== Instructions to follow ==
Any picture in the data below gets skipped; print all the rest exactly.

== Provided material ==
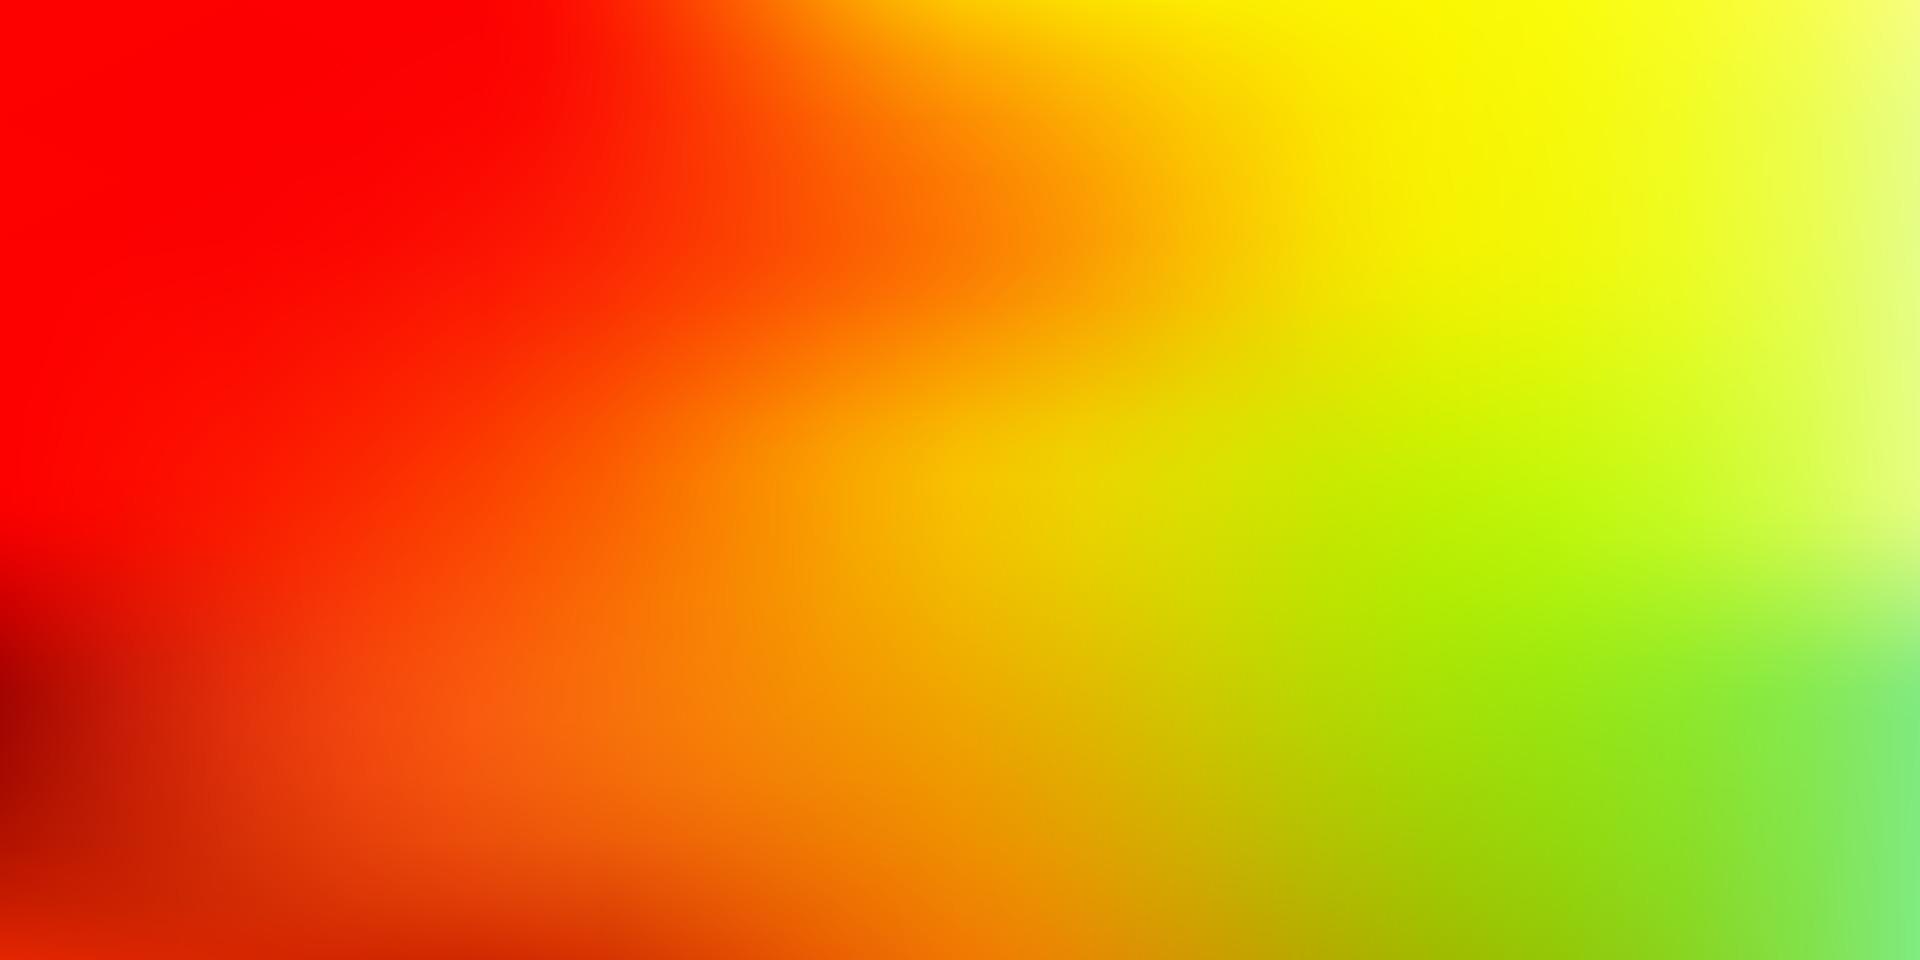 ljusrosa, gul vektor abstrakt oskärpa layout.
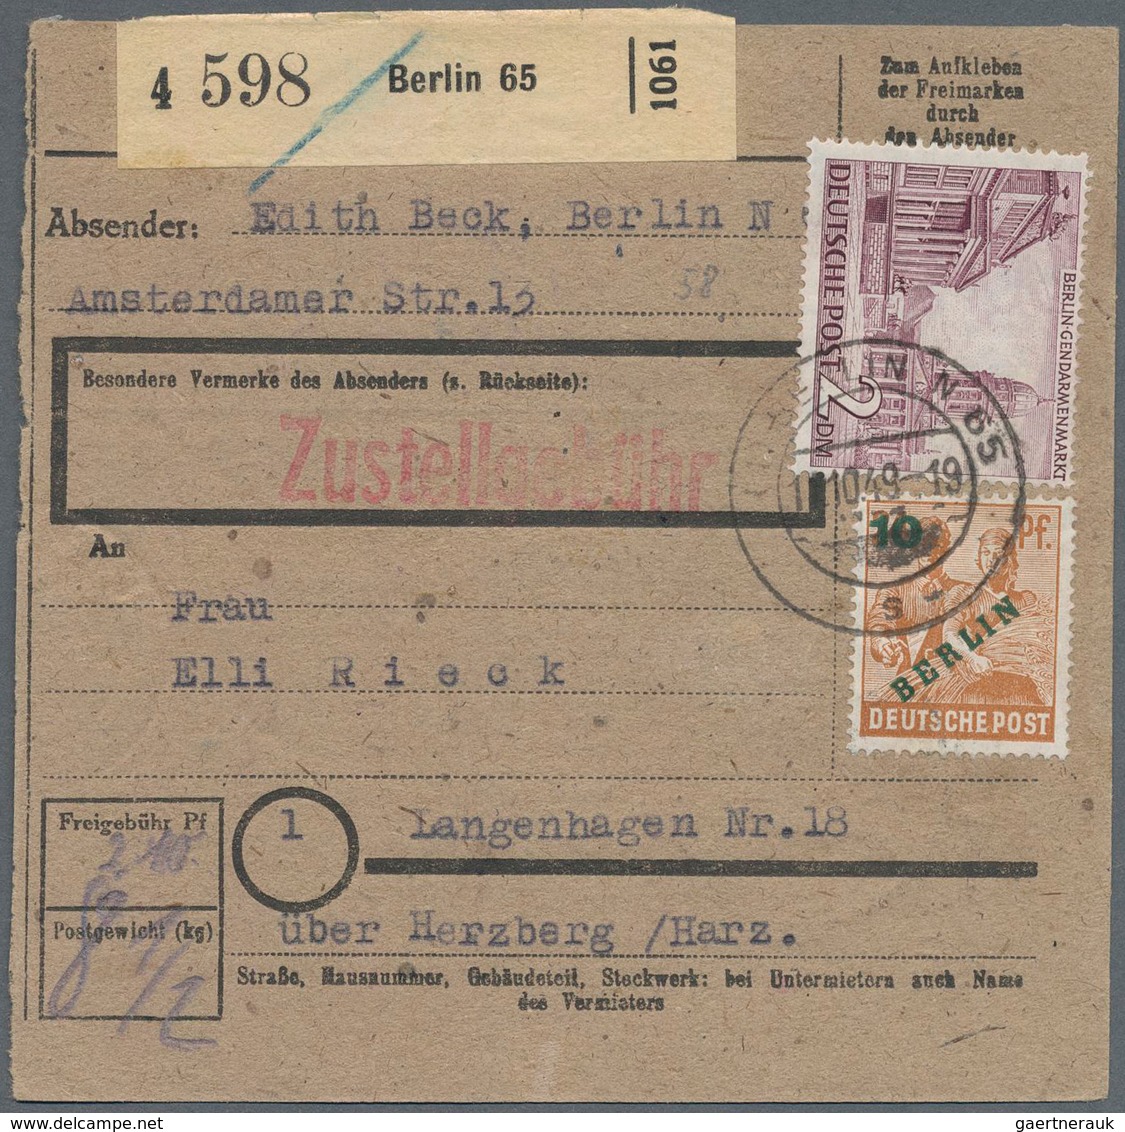 Berlin: 2 DM Bauten Mit 10 Pf. Grünaufdruck Zusammen Auf Paketkarte Ab Berlin N65 Vom 12.10.49 Nach - Covers & Documents
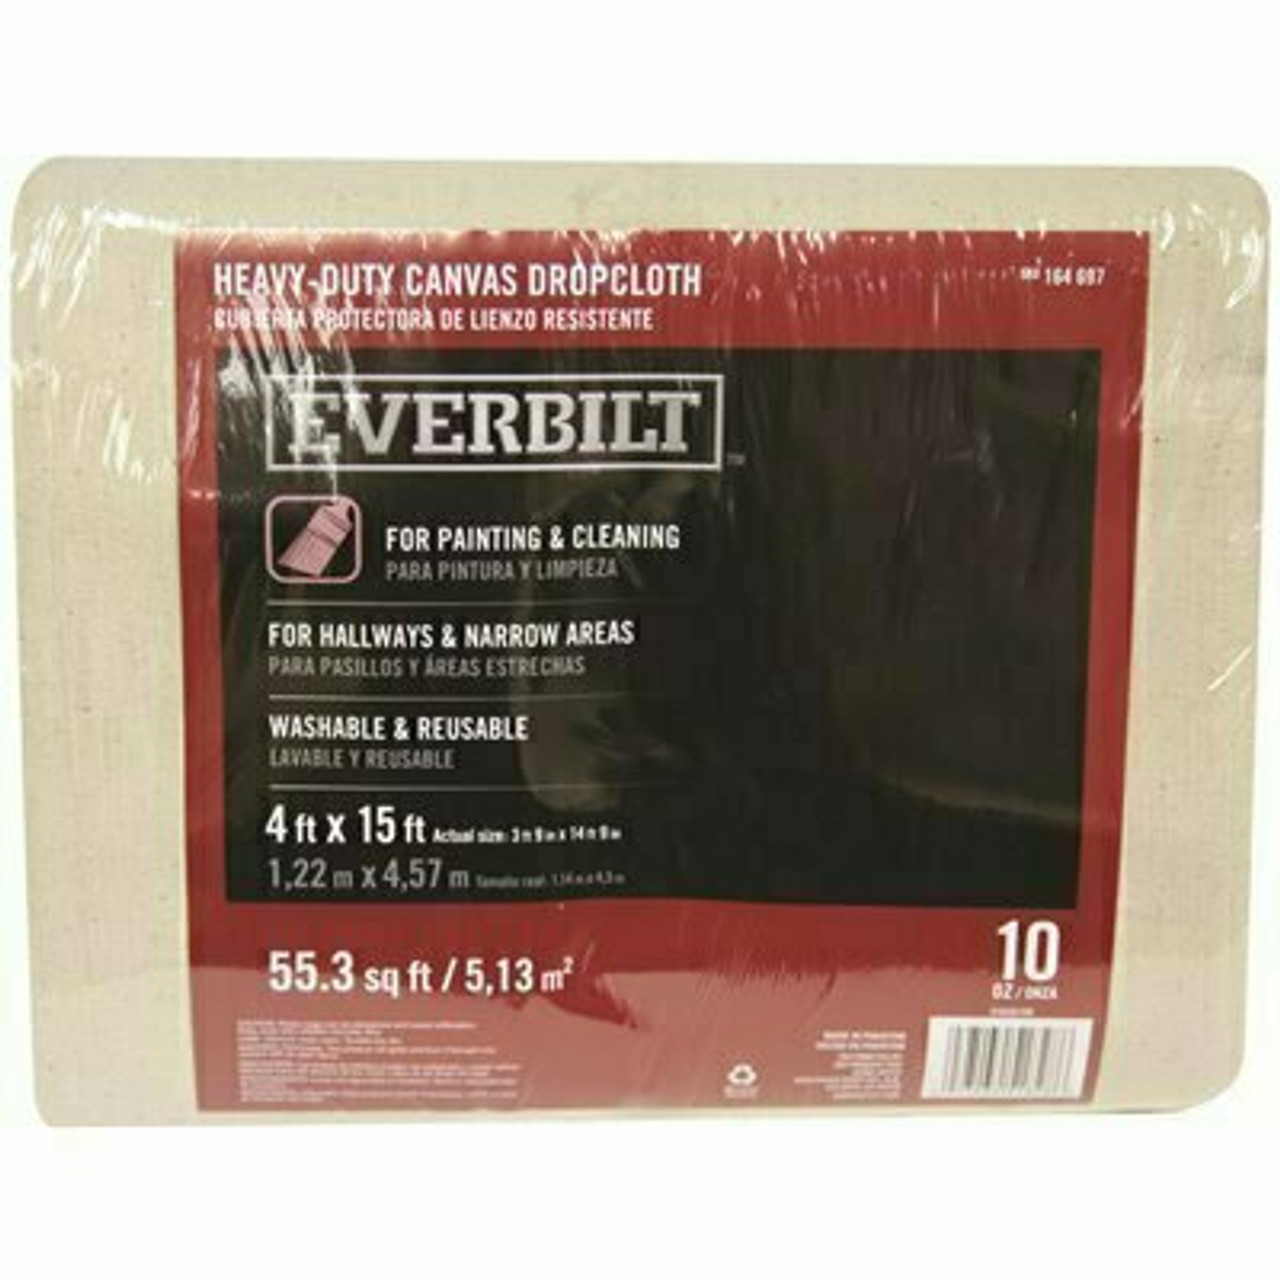 Everbilt 4 Ft. X 15 Ft. 10 Oz. Canvas Drop Cloth

== Solution ==
 ljusrosa, gul vektor abstrakt oskärpa layout.
 Berlin: 2 DM Bauten Mit 10 Pf. Grünaufdruck Zusammen Auf Paketkarte Ab Berlin N65 Vom 12.10.49 Nach - Covers & Documents
 Everbilt 4 Ft. X 15 Ft. 10 Oz. Canvas Drop Cloth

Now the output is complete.